Let's Create Our Own Economic Future
Divide and conquer tactics and strategies have been used to control Black people in America since the very beginning. From "freed" versus enslaved, to Black versus Mulatto, to house versus field, to pulpit versus pew, to affluent versus poor, Black people have been played like a cheap harmonica in a successful effort to keep us apart from one another.
In many cases we have been willing subjects because of the programming that caused us to believe that we are not quite "good enough," that we don't quite "measure up." Thus, we continue to run away from our brothers and sisters rather than rally together to obtain the rightful position and status that we have earned and certainly deserve in this country.
The game of divide and conquer, as it is played on Blacks is analogous to the game of Tennis, especially when there is a shut-out in process.
I always wondered why they call zero points "Love." So I looked it up and found that it comes from the French word, "l'oeuf," which means egg or zero. It's strange to me that the person who has no points is saddled with the term "Love," but it also reminds me of Black people in this country.
Collectively, in many cases, we have not scored; we have "love" and our opponents have won the game as well as the set, and they are sending aces in our direction everyday trying desperately to win the entire match. Our defense is not a good offense; it's a small racket with broken strings. Our end of the court is muddy and sloppy, while the other end of the court is lush, green, and freshly manicured to assure firm footing for our opponents.
They are serving all the time; we never get a turn at that. They even get to play doubles against us as individuals, and they hit the ball harder than Venus and Serena combined! We are too busy trying to get out of the way, trying to avoid being hit by their onslaught, to think about winning the match; we just want to survive.
Meanwhile, other Black people are standing the sidelines, watching their brothers and sisters get hammered on the court, and they are not about to pick up their rackets and get into the game.
The tennis analogy speaks to our score, our fight, our plight and the futility of individuality over collectivity. We are in "love" with those who are beating us down. They are way ahead in the game, and we are in "love."
We get the emotional reward of feeling good, while they get the substantive economic rewards of writing all the rules and controlling the game. Did I mention they also own the court?
Ownership and control of the wealth of this country are paramount to the progress of any group that lives here.
Black people have resided here since the country started, and we own very little of the wealth and resources, much less make any of the rules that control the game. Black people should revert to the economic practices of our parents and grandparents prior to integration. They aggregated their resources; they supported one another; they built their own "tennis courts," managed them and wrote the rules for them as well.
Yes, divide and conquer soon came in the form of the fear of being physically destroyed and murdered, as in the case of the Tulsa atrocities in 1921. Then the divide and conquer tactic came in the form of expressways through every Black community, under the mantra of "Urban Renewal," creating dividing lines that pushed us farther apart.
Now the game has been elevated to an even more sophisticated level. Some Black people are made to feel they are better than other Black people because of their status, their material possessions, their abilities, and their education. We have acquiesced to so many strata among our people that it is hard to figure out who is where, the broad categories being, of course, the haves and the have-nots.

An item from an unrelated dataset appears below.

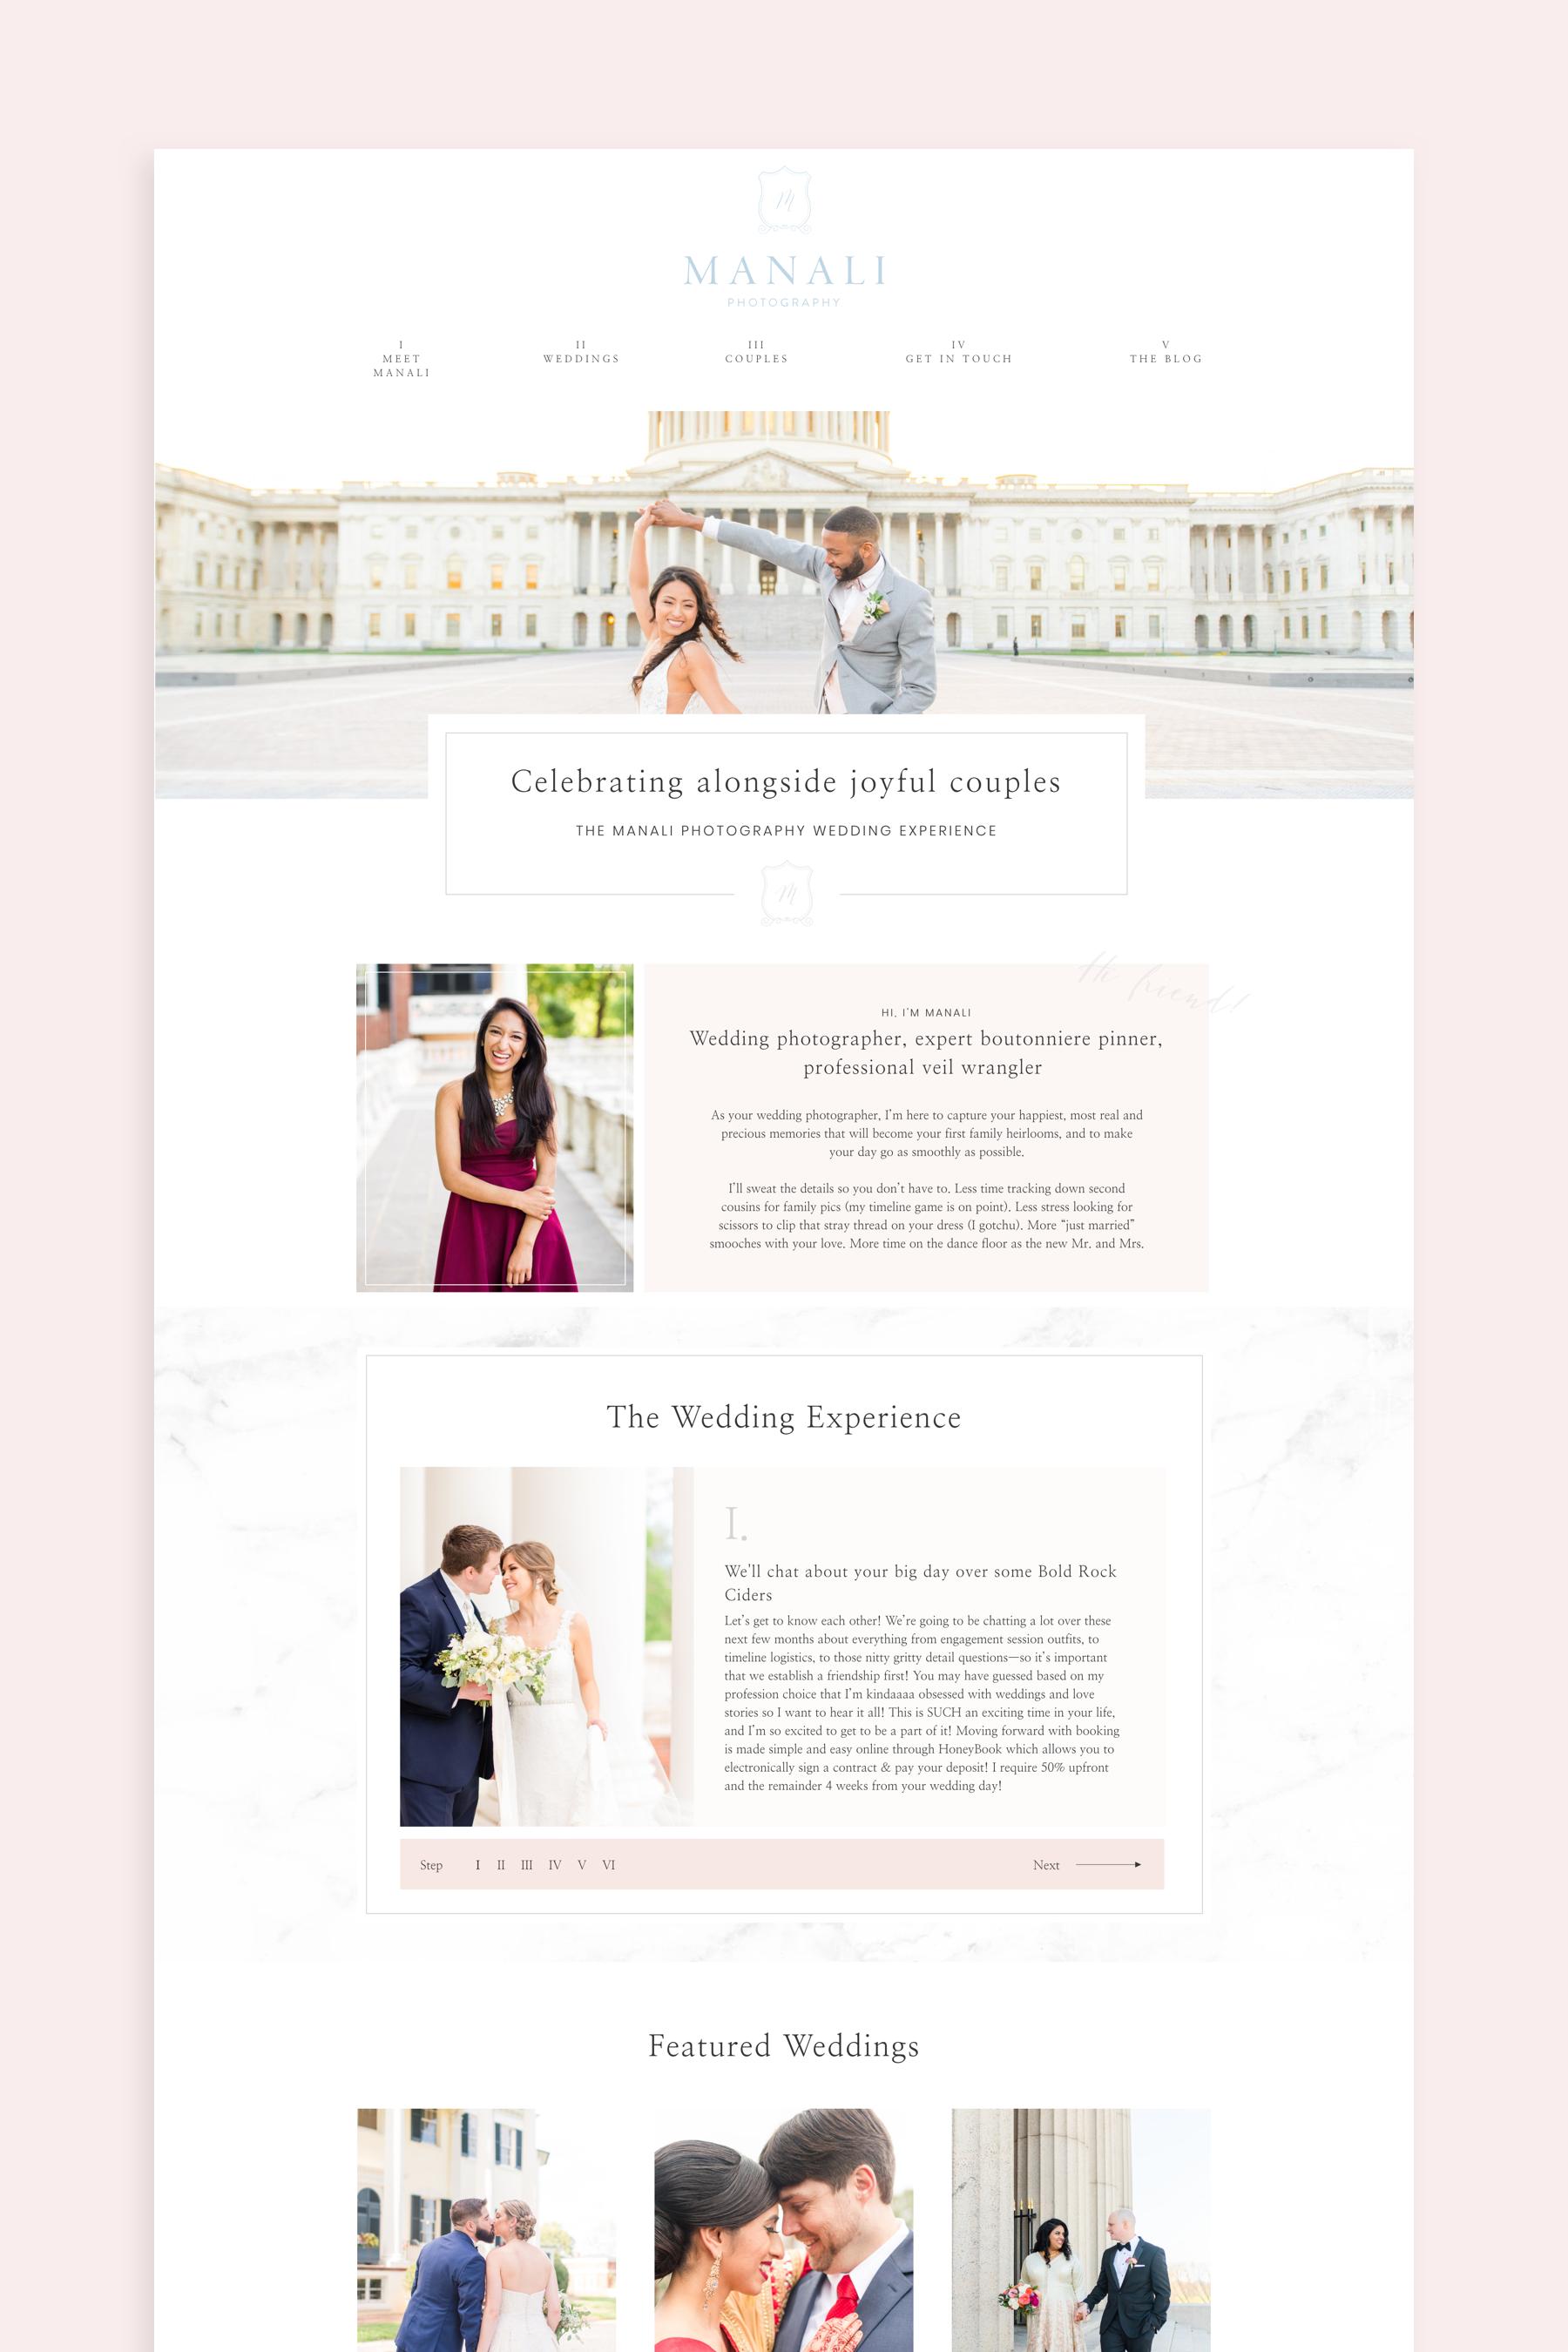 Custom Showit Web Page For Virginia Wedding Photographer Showit Webdesign Customwebsit Virginia Wedding Photographer Wedding Professional Virginia Weddings

Divided, we have fallen to a low level of respect from others as well as among ourselves. Divided, we have gone from a people who would take things into their own hands and do for themselves, to a timid, tepid, tired people who depend on "programs" and outsiders to "rescue" us -- after they were the ones who put us in this situation in the first place. Divided, we have come to the point of now having to make a final decision on the future of our children.
Are we going to continue to play tennis on that sloppy, mud-filled end of the court? Are we going to continue taking those monster serves and volleys without the slightest chance of returning them? Will we keep playing the game with a worn-out, 45-year-old political racket, rather than arming ourselves with a brand new economic racket?
If we don't change the way we play the economic game, we will soon be hearing the umpire say, "Game! Set! Match!" And we will have lost the game of our lives.
James Clingman is an author and the founder of the Greater Cincinnati African American Chamber of Commerce.